> _PROBLEM TO SOLVE_
What you return should match the material below line for line, except that no image appears in it.

> _SOURCE DATA_
━━━━━━━━━━━━━━━━

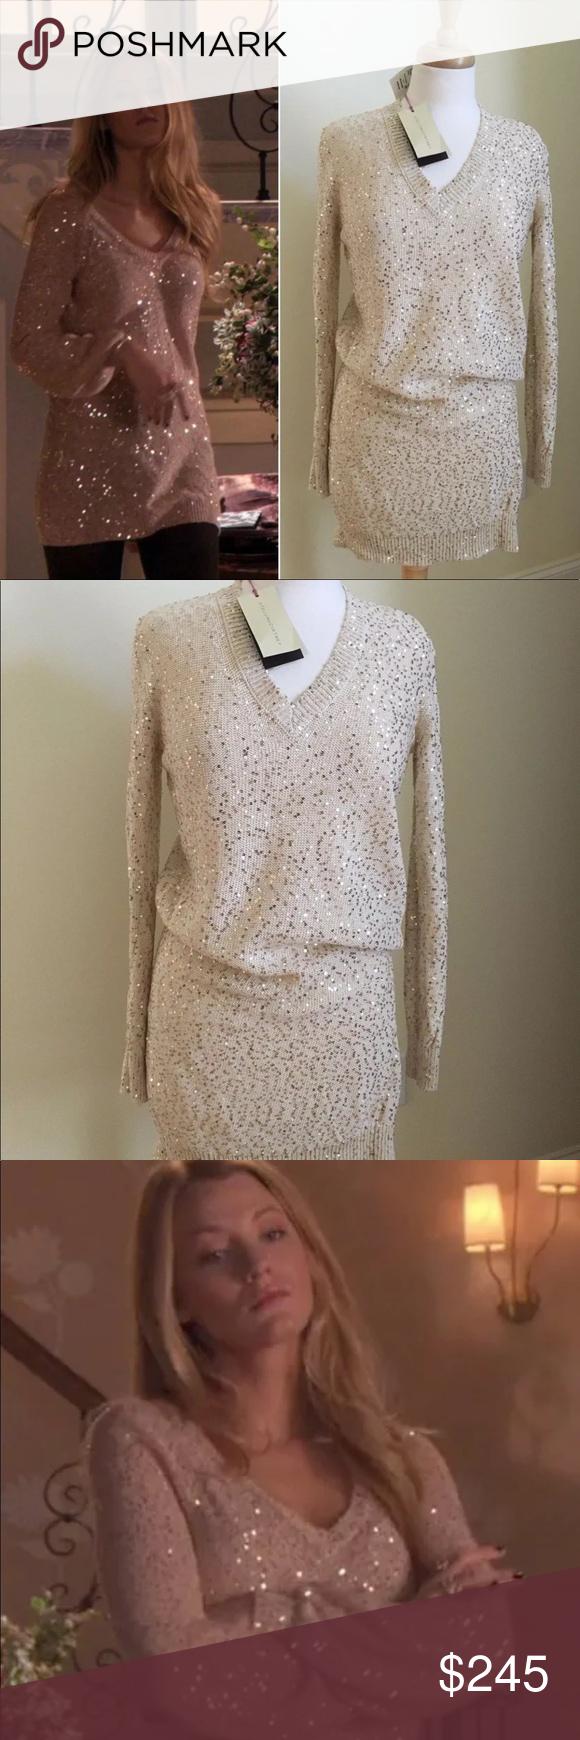 52f9f81032 Stella McCartney gold sequin dress 2 4 Gossip Girl Hey upper east siders!  For sale
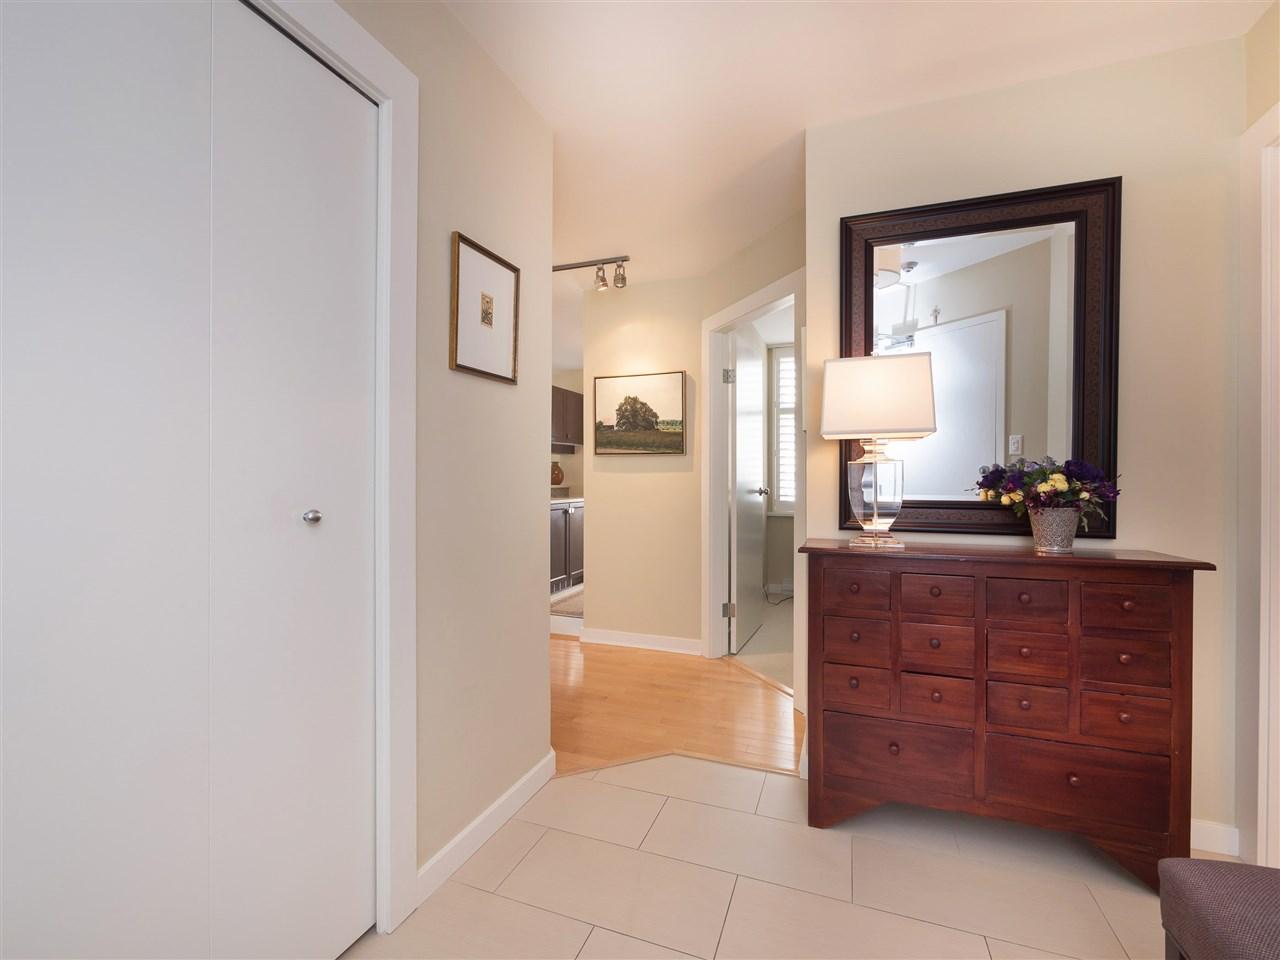 Condo Apartment at 303 1436 HARWOOD STREET, Unit 303, Vancouver West, British Columbia. Image 10
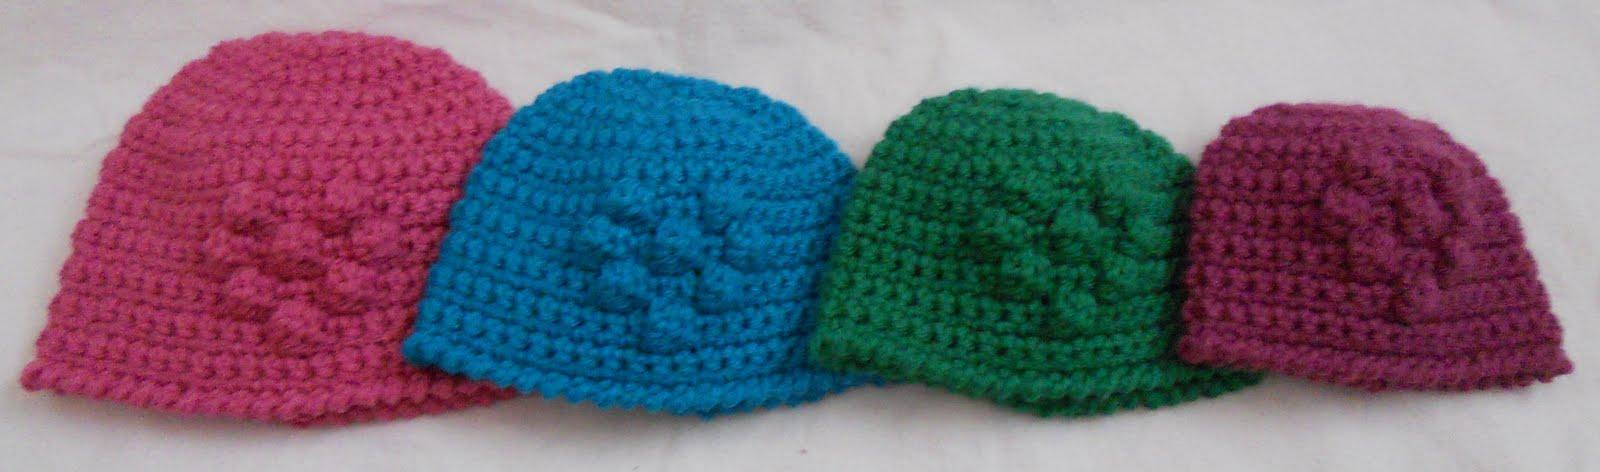 Free Crochet Pattern Bobble Hat : Crafty Woman Creations: Free Baby Heart Bobble Beanie Pattern

━━━━━━━━━━━━━━━━

> _EXERCISE OUTPUT_
 52f9f81032 Stella McCartney gold sequin dress 2 4 Gossip Girl Hey upper east siders!  For sale
 Condo Apartment at 303 1436 HARWOOD STREET, Unit 303, Vancouver West, British Columbia. Image 10
 Free Crochet Pattern Bobble Hat : Crafty Woman Creations: Free Baby Heart Bobble Beanie Pattern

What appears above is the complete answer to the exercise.